Marc Huisinga (Mar 22 2021 at 23:45):

Code that used Option as a monad before now seems to use OptionM.run: https://github.com/leanprover/lean4/commit/04e3f21783e343a58eb245bcb9488dab59cb01a4

Mario Carneiro (Mar 23 2021 at 00:19):

Whaat? Why isn't Option a monad? That's the classic example

Yakov Pechersky (Mar 23 2021 at 00:22):

Motivation: Option is data, OptionM is control.
https://github.com/leanprover/lean4/commit/04e3f21783e343a58eb245bcb9488dab59cb01a4

Yakov Pechersky (Mar 23 2021 at 00:24):

I guess similar to how Haskell prefers to supply a StateT or state over State?

Mario Carneiro (Mar 23 2021 at 00:25):

okay, but there are still uses of do notation for constructing Option data

Mario Carneiro (Mar 23 2021 at 00:26):

I mean, not all uses of do notation are for control

Yakov Pechersky (Mar 23 2021 at 00:26):

:shrug:

Mario Carneiro (Mar 23 2021 at 00:27):

mathlib has plenty of other monads like the giry monad or filters or pfun and they can only very vaguely be interpreted as control structures

Yakov Pechersky (Mar 23 2021 at 00:30):

Perhaps this will make things like with_bot or with_top cleaner?

Mario Carneiro (Mar 23 2021 at 00:33):

I'm not sure what you mean. Those can be monads too

Joe Hendrix (Mar 23 2021 at 00:39):

Coming from Haskell, I also think it's reasonable for Option to be a monad, and am not sure about the data Option vs control OptionM distinction.

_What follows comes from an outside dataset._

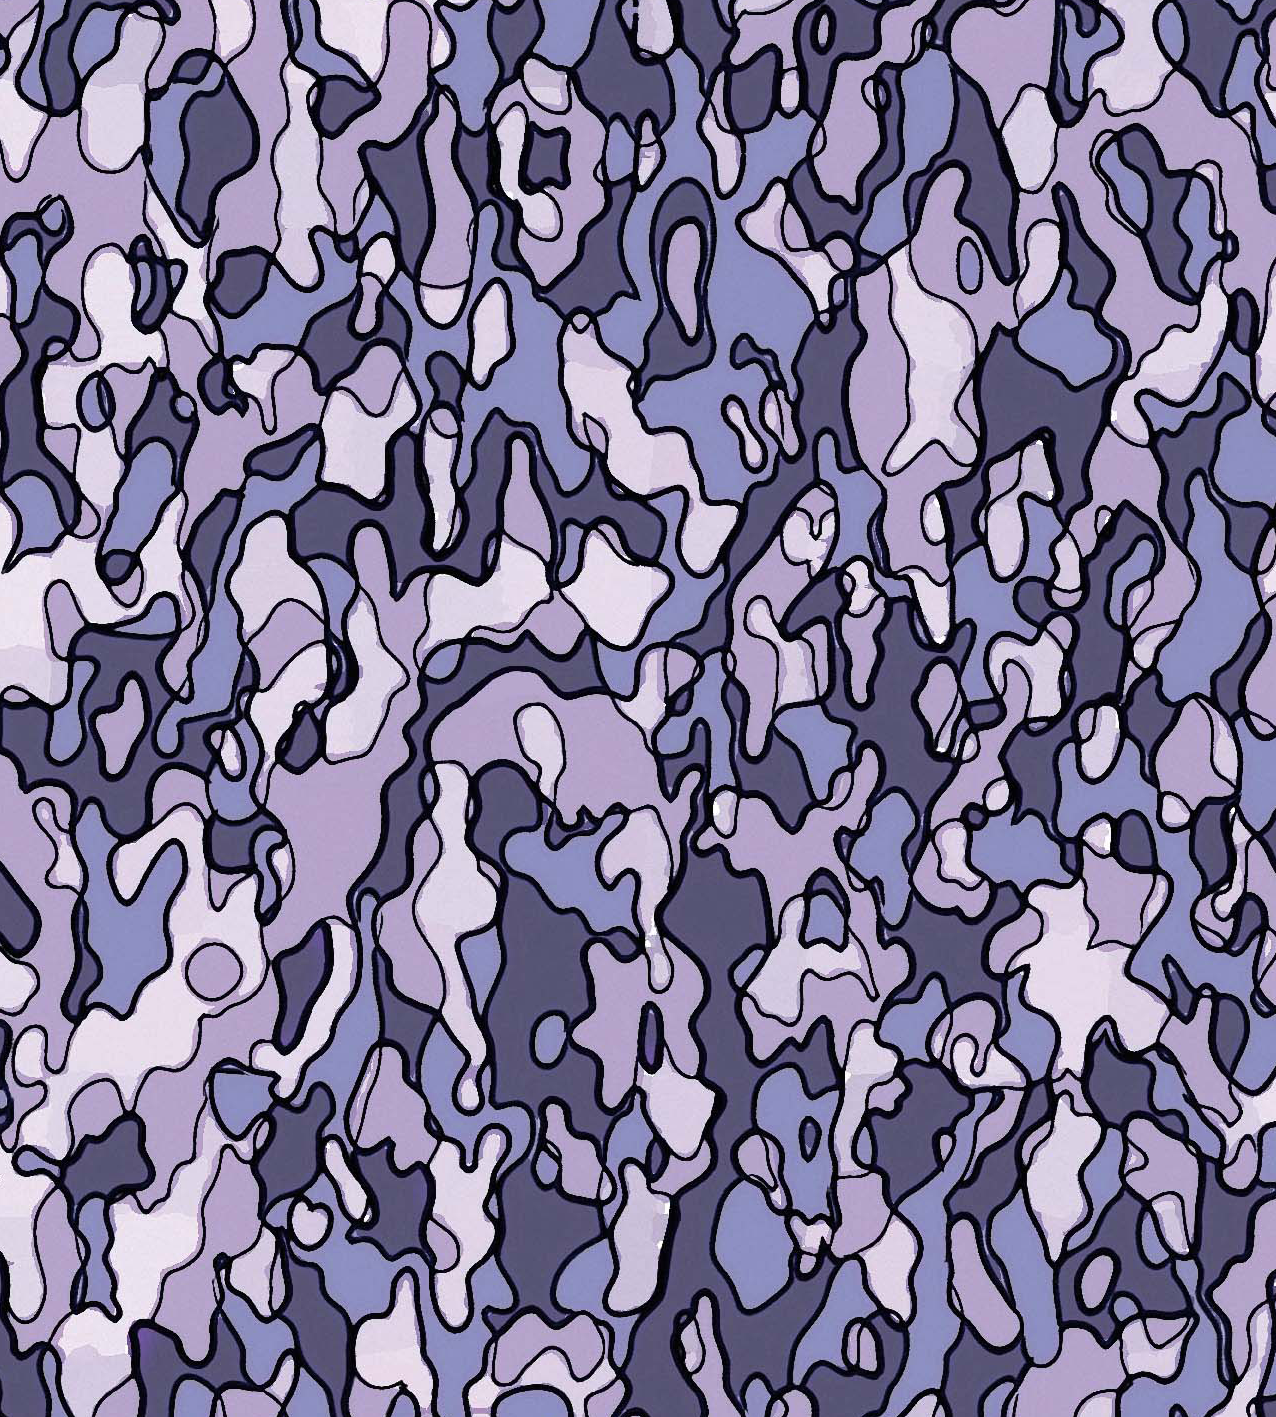 46 - ABSTRACT CAMOUFLAGE TEXTURES VOL1

List is perfectly reasonable a s a monad in Haskell.

I'd understand though if there is a compilation or performance reason for distinguishing the two, but don't see that referenced in the commit.

Yakov Pechersky (Mar 23 2021 at 00:43):

I mean that it might make with_bot T = OptionM ??? T with something that isn't just Id for ??? ? Not sure.

Sebastian Ullrich (Mar 23 2021 at 07:58):

Joe Hendrix said:

List is perfectly reasonable a s a monad in Haskell.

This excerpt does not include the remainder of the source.